3 Где мы остановились?

ОЛИВЕР: Где мы остановились? Недавно? Давно? Но… Заметьте, кстати: каждое последующее из этих трех слов, как ни удивительно, включает в себя предыдущее и, сбрасывая буквы, символизирует ощущение потери, какое мы испытываем всякий раз, когда бросаем орфеевский взгляд через плечо. Щемящее убывание, если вдуматься. Рассмотрите и сопоставьте – как раньше говорили педагоги – биографии ведущих английских поэтов-романтиков. Для начала дайте списком фамилии, расположив их в порядке убывания длины: Вордсворт, Кольридж, Шелли, Китс. А теперь обратите внимание на даты жизни: 1770–1850, 1772–1834, 1792–1822, 1795–1821. Какое упоение для нумеролога и магистра тайного знания! У кого фамилия самая длинная, у того и самая длинная жизнь; у кого самая короткая фамилия, у того и самая короткая жизнь, а между ними – по убывающей. Что еще поразительнее: родившийся раньше других умирает последним, родившийся позже других умирает первым! Они выстроились по ранжиру, как матрешки. Невольно уверуешь в Божий промысел, да? Или, по крайней мере, в Божественное совпадение.
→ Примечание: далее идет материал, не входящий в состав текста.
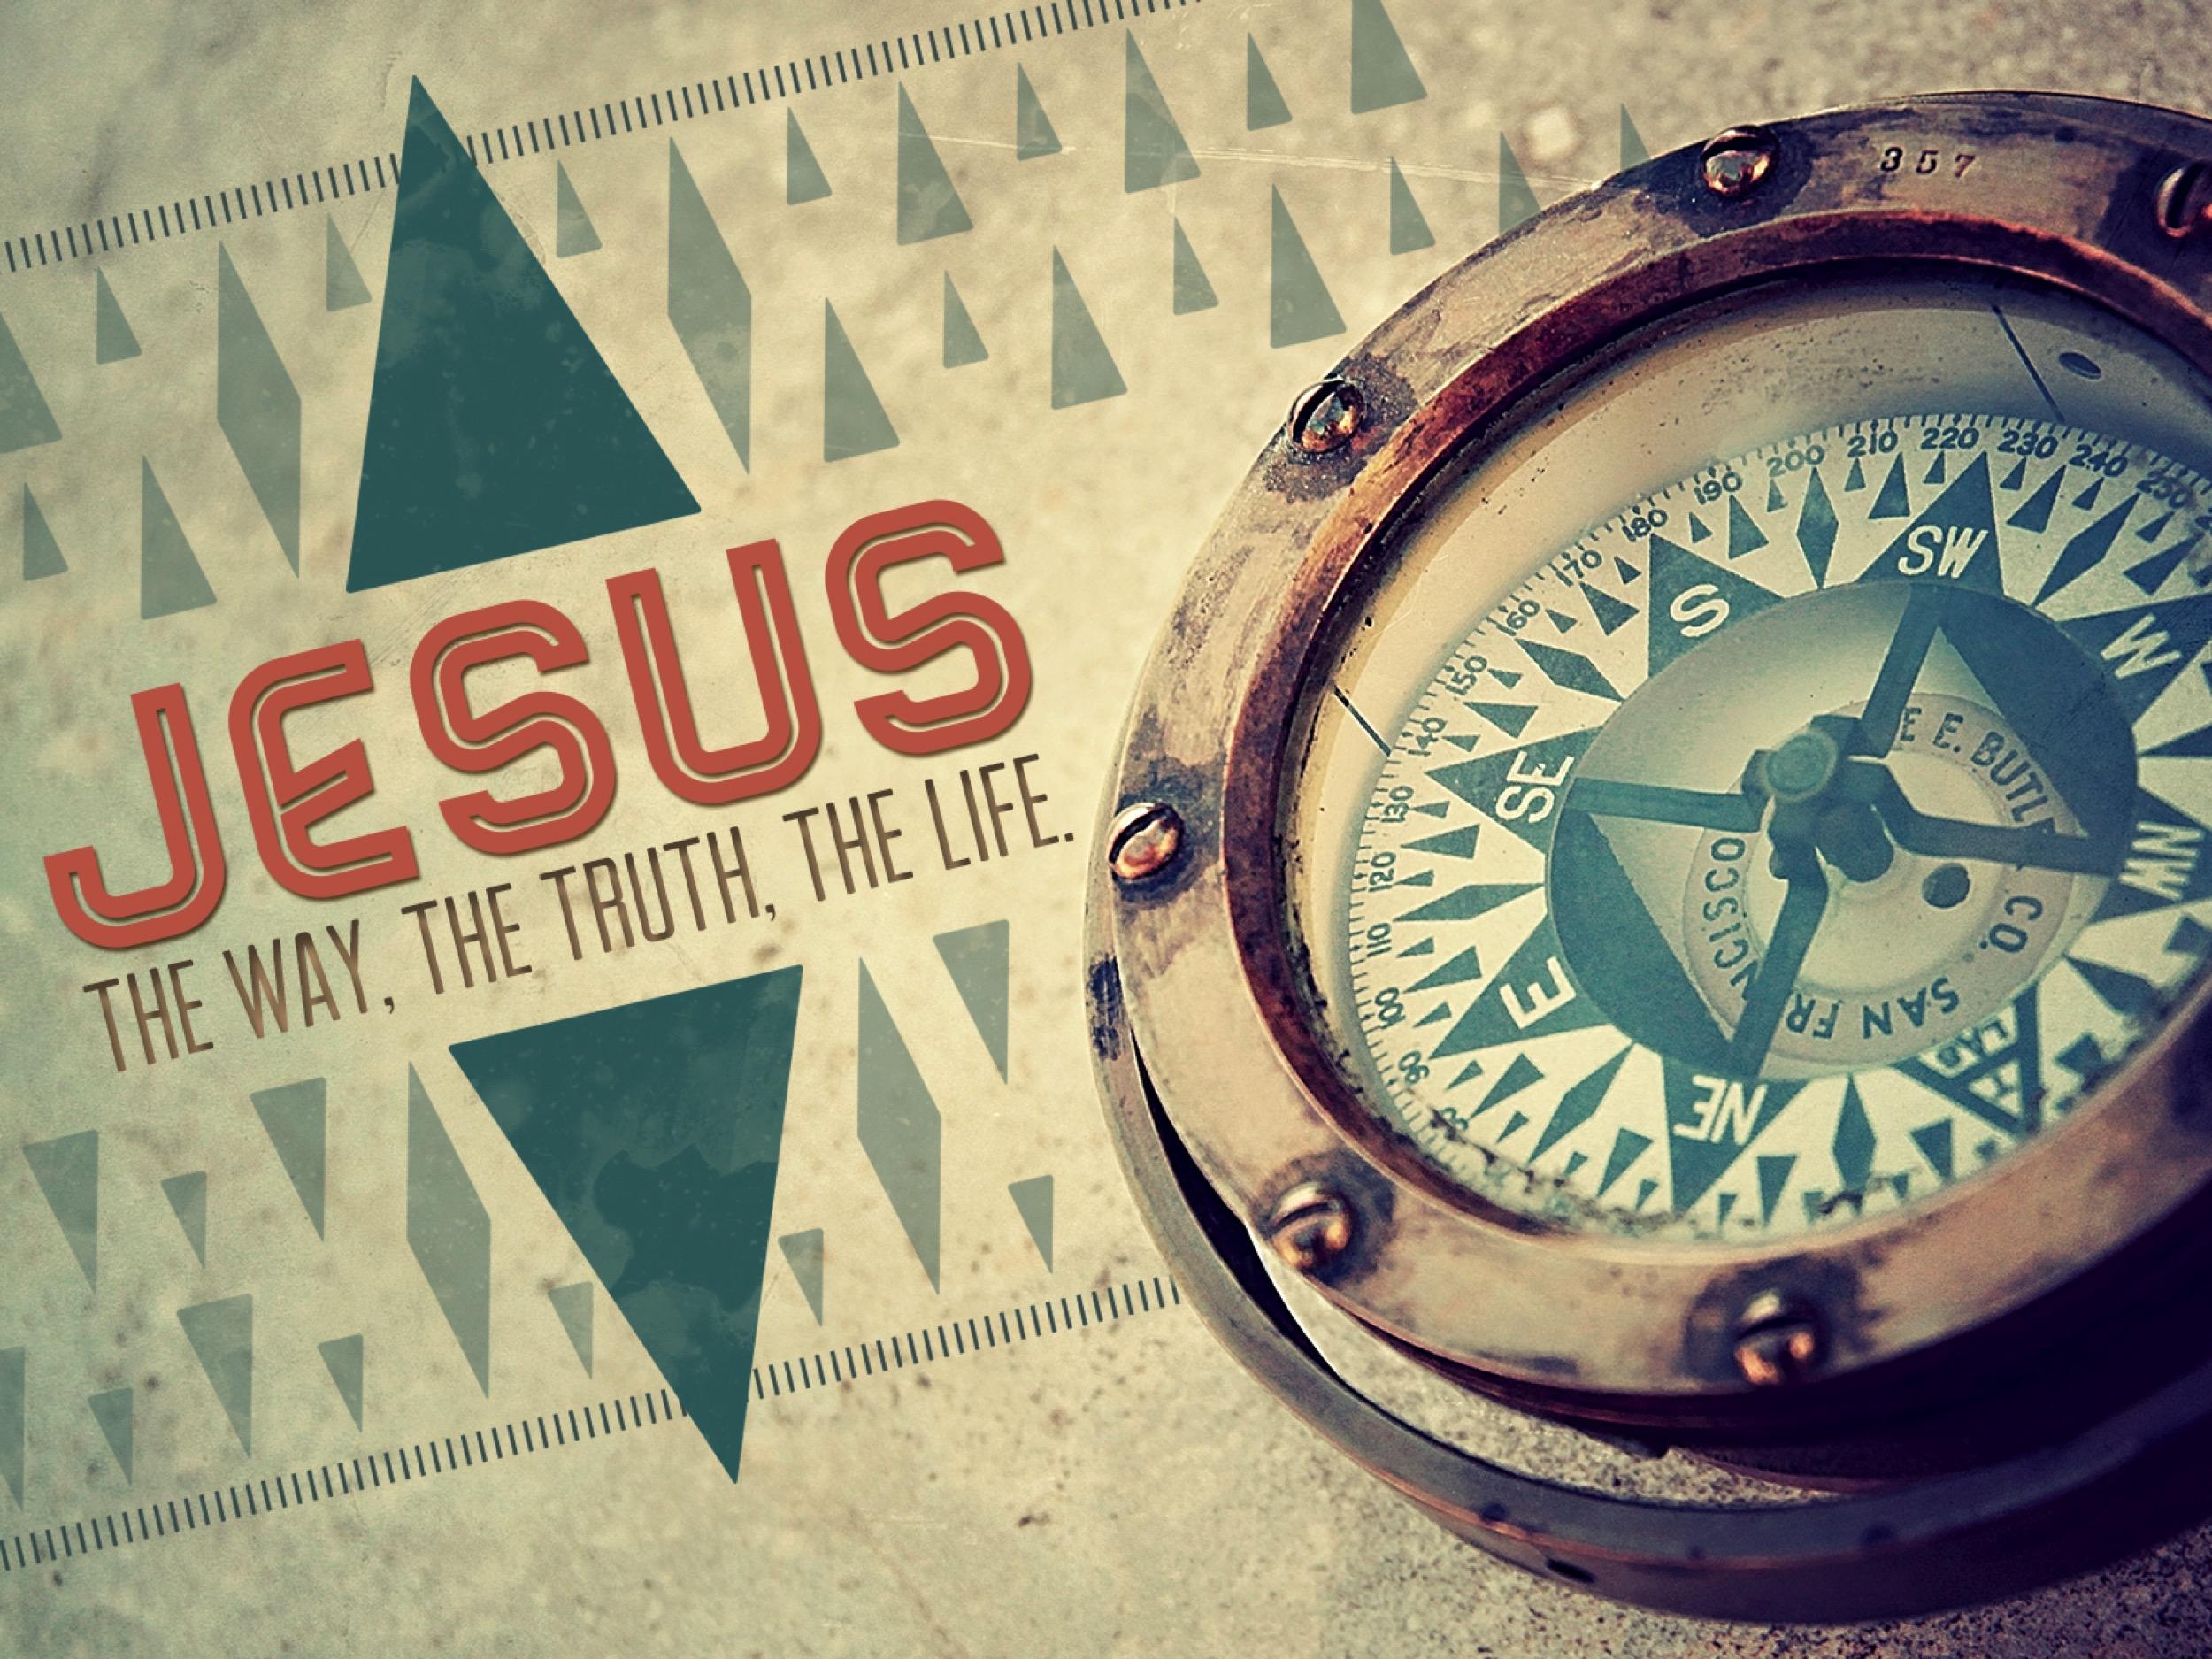 The Life Of Jesus P5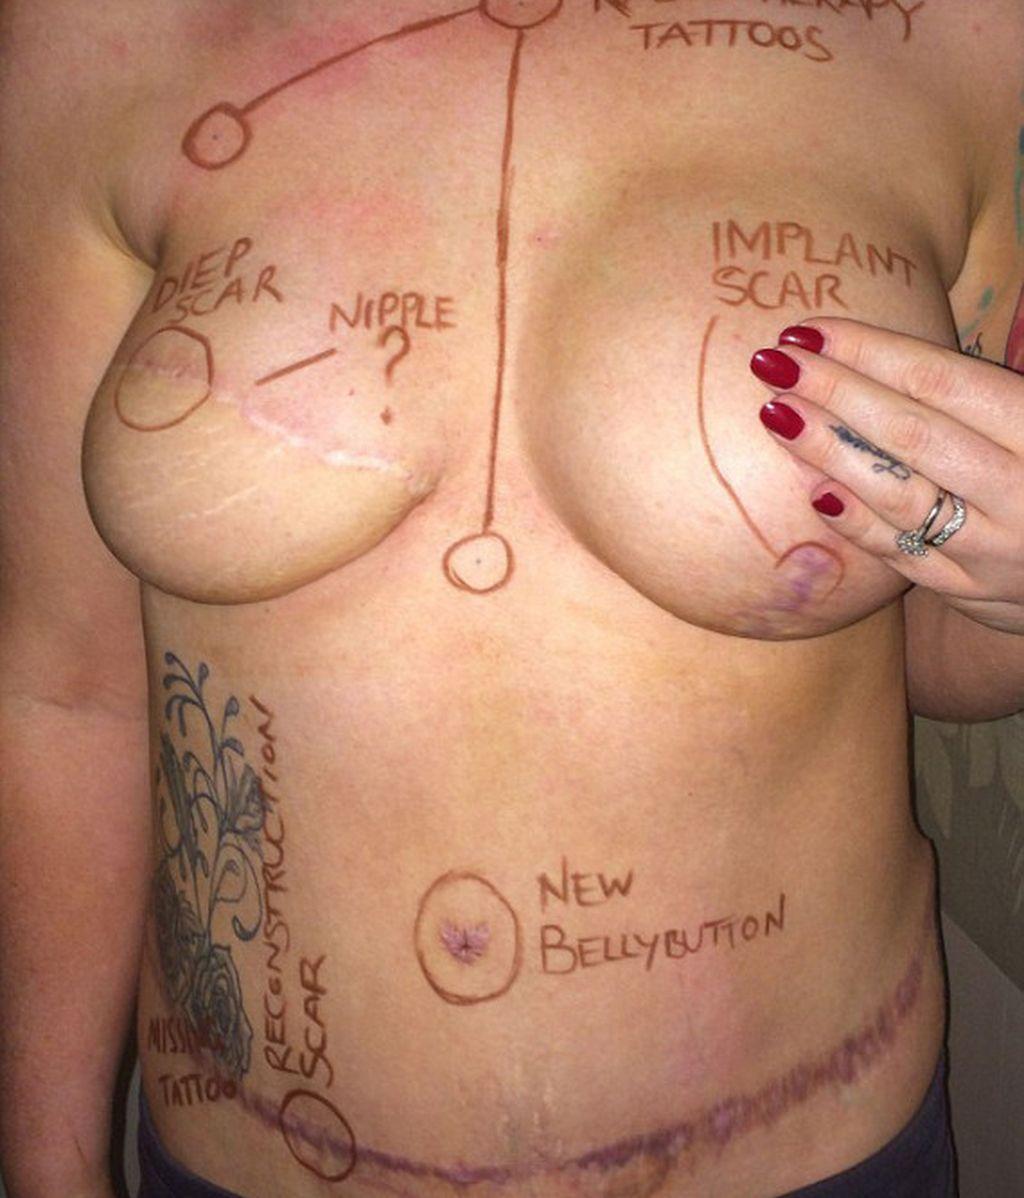 scar-nipples-pics-girl-dildoing-her

Так на чем мы остановились? Ладно, в виде исключения сыграю в игру «уточним подробности». Вообразим, что память сверстана как газета. Отлично: просматриваю новости из-за рубежа, цветные иллюстрации, добираюсь до самого низа газетной полосы – и что я вижу: «Конфликт в деревне Минервуа: жертв нет».

В тот момент, наугад выбранный для кропотливого поиска уточнений, я как раз исчезал из вашего поля зрения (ты, вероятно, понадеялся, что навсегда; у тебя, вероятно, вырвалось: «Катись подальше», небрежно брошенное вслед моим беззащитным лопаткам), сворачивая за угол у Cave Coopérative в своем надежном «пежо». Модель 403, наверняка помните, да? Решетка радиатора крошечная, как глазок тюремной камеры. Фирменная зеленовато-серая раскраска, характерная для эпохи, не иначе как ожидающей своего возрождения. А вас не раздражает, что в наши дни принято возрождать и канонизировать десятилетия, не дав им завершиться? Надо бы ввести закон о недавности. Что вы, что вы, шестидесятые возрождать нельзя: на дворе всего лишь восьмидесятые. И так далее.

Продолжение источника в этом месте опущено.